Satte fünf Jahre sind seit dem letzten Album des sächsischen Fünfers vergangen. „Nuklearth“ hieß das letzte Release der Band. Damals gab es frickeligen Technical Death Metal mit einer Spur Eingängigkeit und jeder Menge amtlicher Grooves. Um gewissermaßen das Fazit vorwegzunehmen: „Biographyte“ setzt diesen Weg unbeirrt fort und geht in allem sogar noch einen Schritt weiter. Das bedeutet jedoch keinesfalls, dass CYTOTOXIN jetzt kuschelig werden – allein der Albumtitel macht das schon klar. „Biographyte“ ist eine Wortschöpfung aus den Begriffen „Bio“, was in der allgemeinen Übersetzung „Leben“ bedeutet, und „Grafit“. Grafit ist ein Material, das (vereinfacht gesagt) zur Regulation von Atomspaltungen in Atomreaktoren angewandt wird. Es ist hoch radioaktiv und hat nach der Explosion des Kernkraftwerks Tschernobyl durch seine Strahlung unzählige Menschenleben das Leben gekostet.

Thematisch bleiben CYTOTOXIN also weiterhin ihrer Agenda treu. Musikalisch macht schon der Opener „Hope Terminator“ mit seinen schwarmartig verfrickelten Leads ganz klar, in welche Richtung der Geigerzähler ausschlägt. Gelegentlich glätten feine harmonische Arrangements den Wust der Virtuosität und fließen über in angenehm druckvollen Death Metal alter Schule. „Hope Terminator“ zeigt: CYTOTOXIN haben nichts verlernt. Das Schöne an den Chemnitzern ist, dass sie wissen, was sie können, dieses Banner aber nicht allzu hoch heben.

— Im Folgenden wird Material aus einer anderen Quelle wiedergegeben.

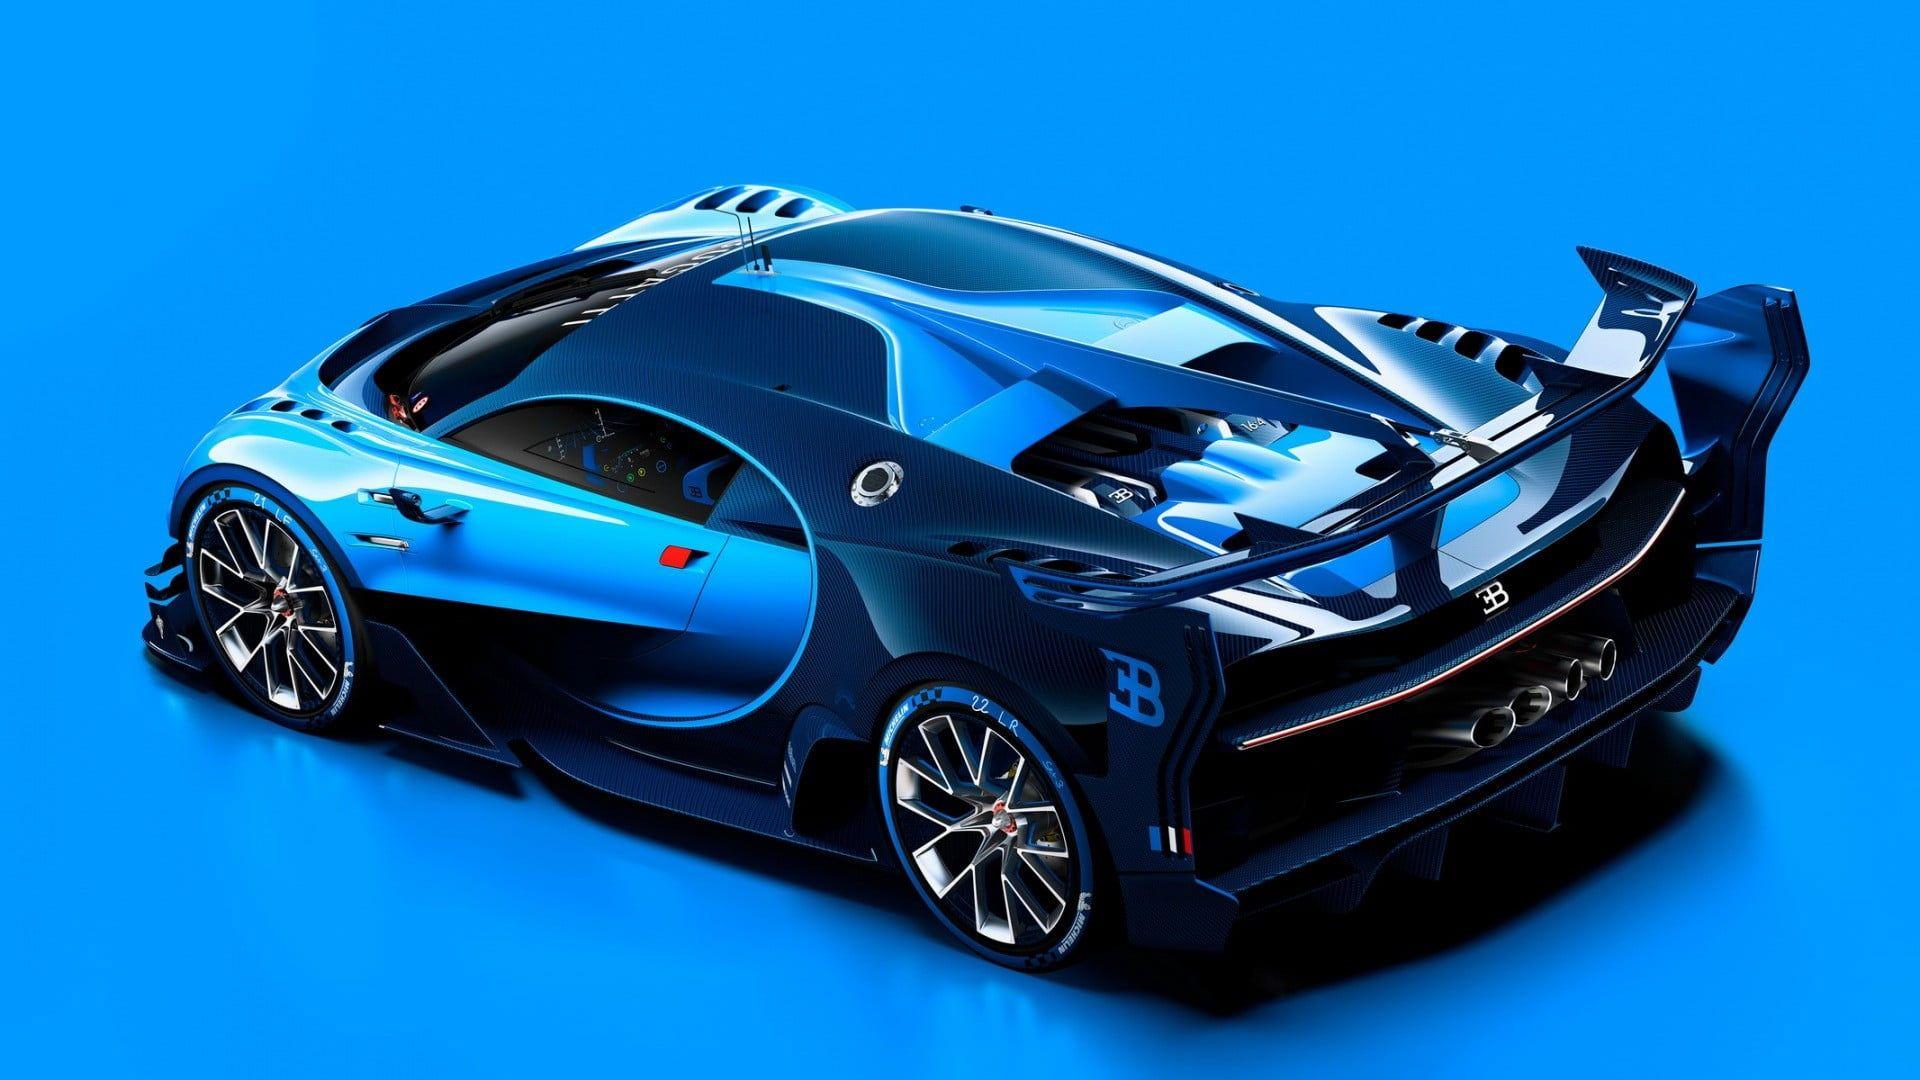 Black And Blue Car Die Cast Model Car Bugatti Vision Gran Turismo 1080p Wallpaper Hdwallpaper Desktop Bugatti Bugatti Concept Bugatti Chiron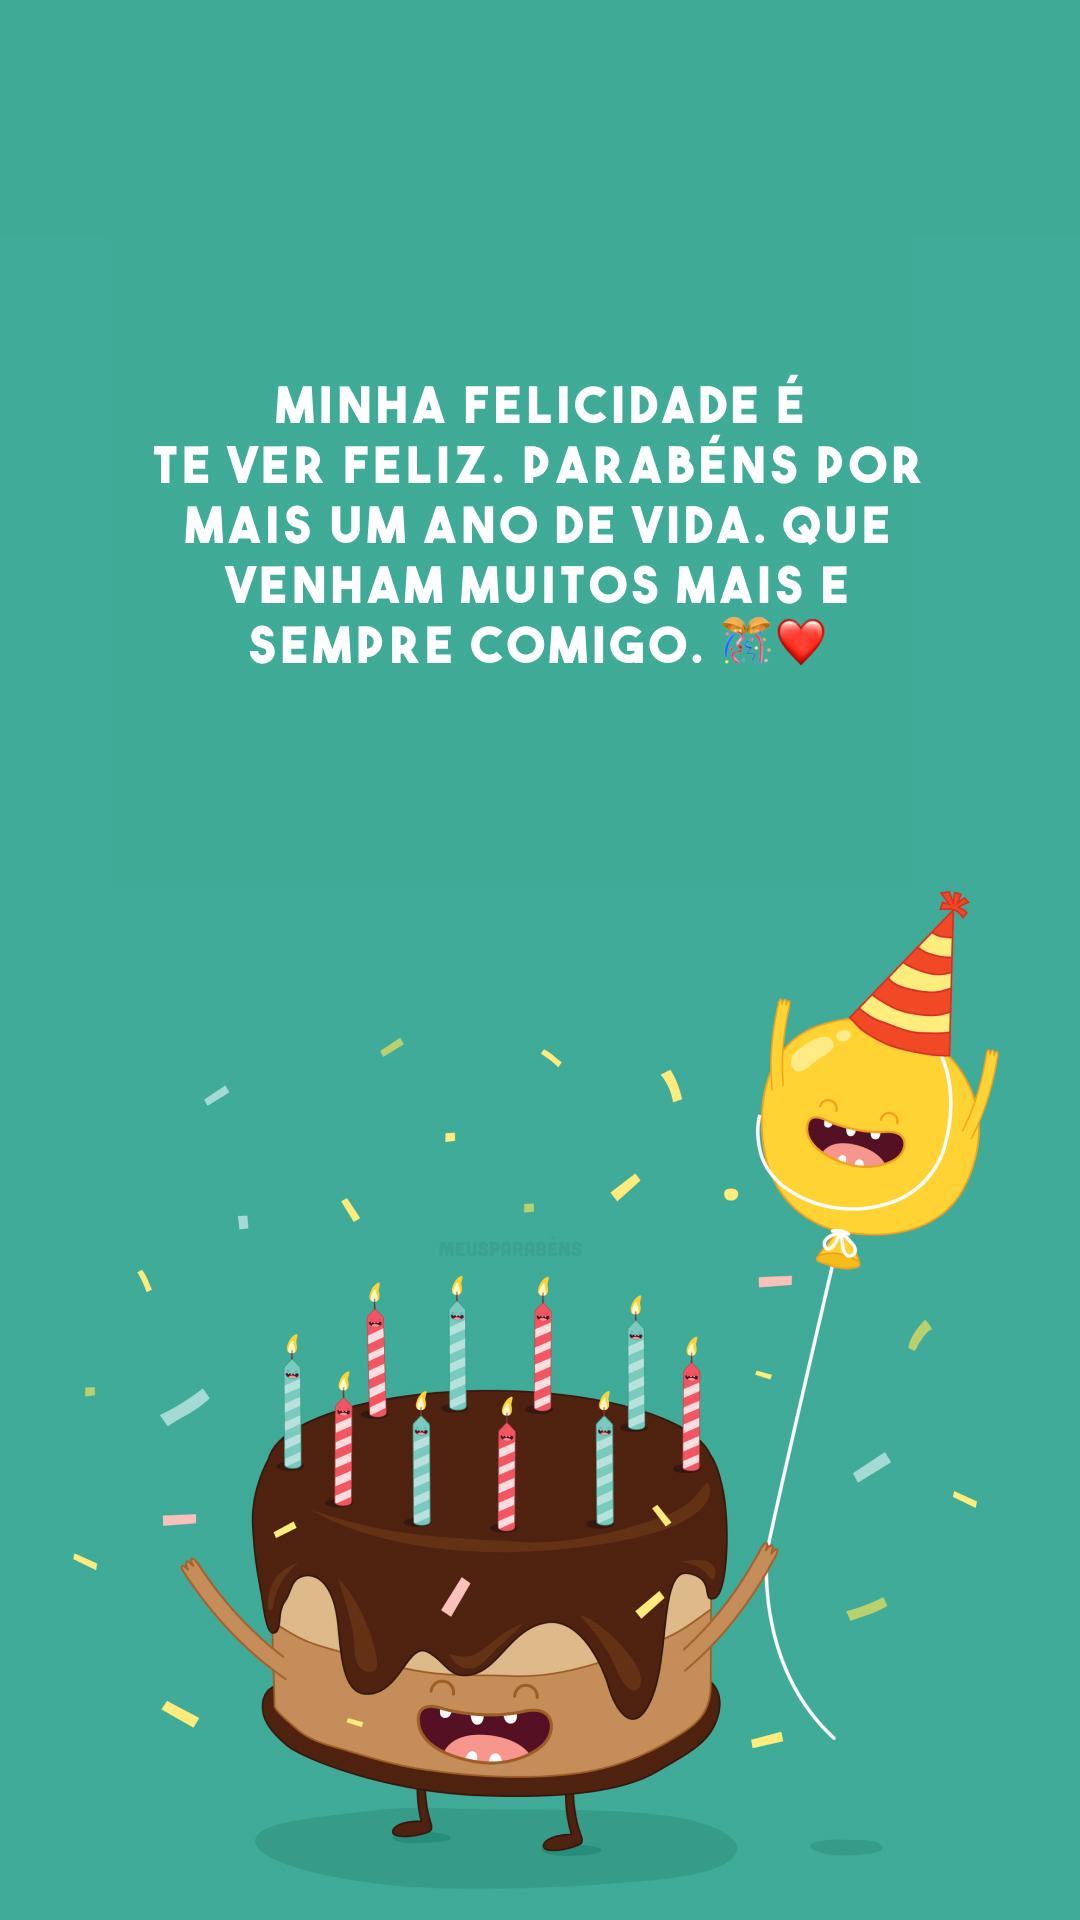 Minha felicidade é te ver feliz. Parabéns por mais um ano de vida. Que venham muitos mais e sempre comigo. 🎊❤️

So ist „Condemnesia“ eine vorzugsweise geradlinige Death-Metal-Granate, in die atmosphärische Chöre  eingewoben wurden – ein Stilmittel übrigens, das neu ist und der Musik von CYTOTOXIN ausgesprochen gut steht. Es ist der geschickte Kontrast aus technischem Anspruch und brutaler Geradlinigkeit, versehen mit einer Spur Epik („Behind Armored Doors“), der „Biographyte“ gut zugänglich macht. Apropos zugänglich: Auf „Deadzone Desert“ wird es mit Kettengerassel und Akustikgitarre gar ganz kurz romantisch am Atomreaktor.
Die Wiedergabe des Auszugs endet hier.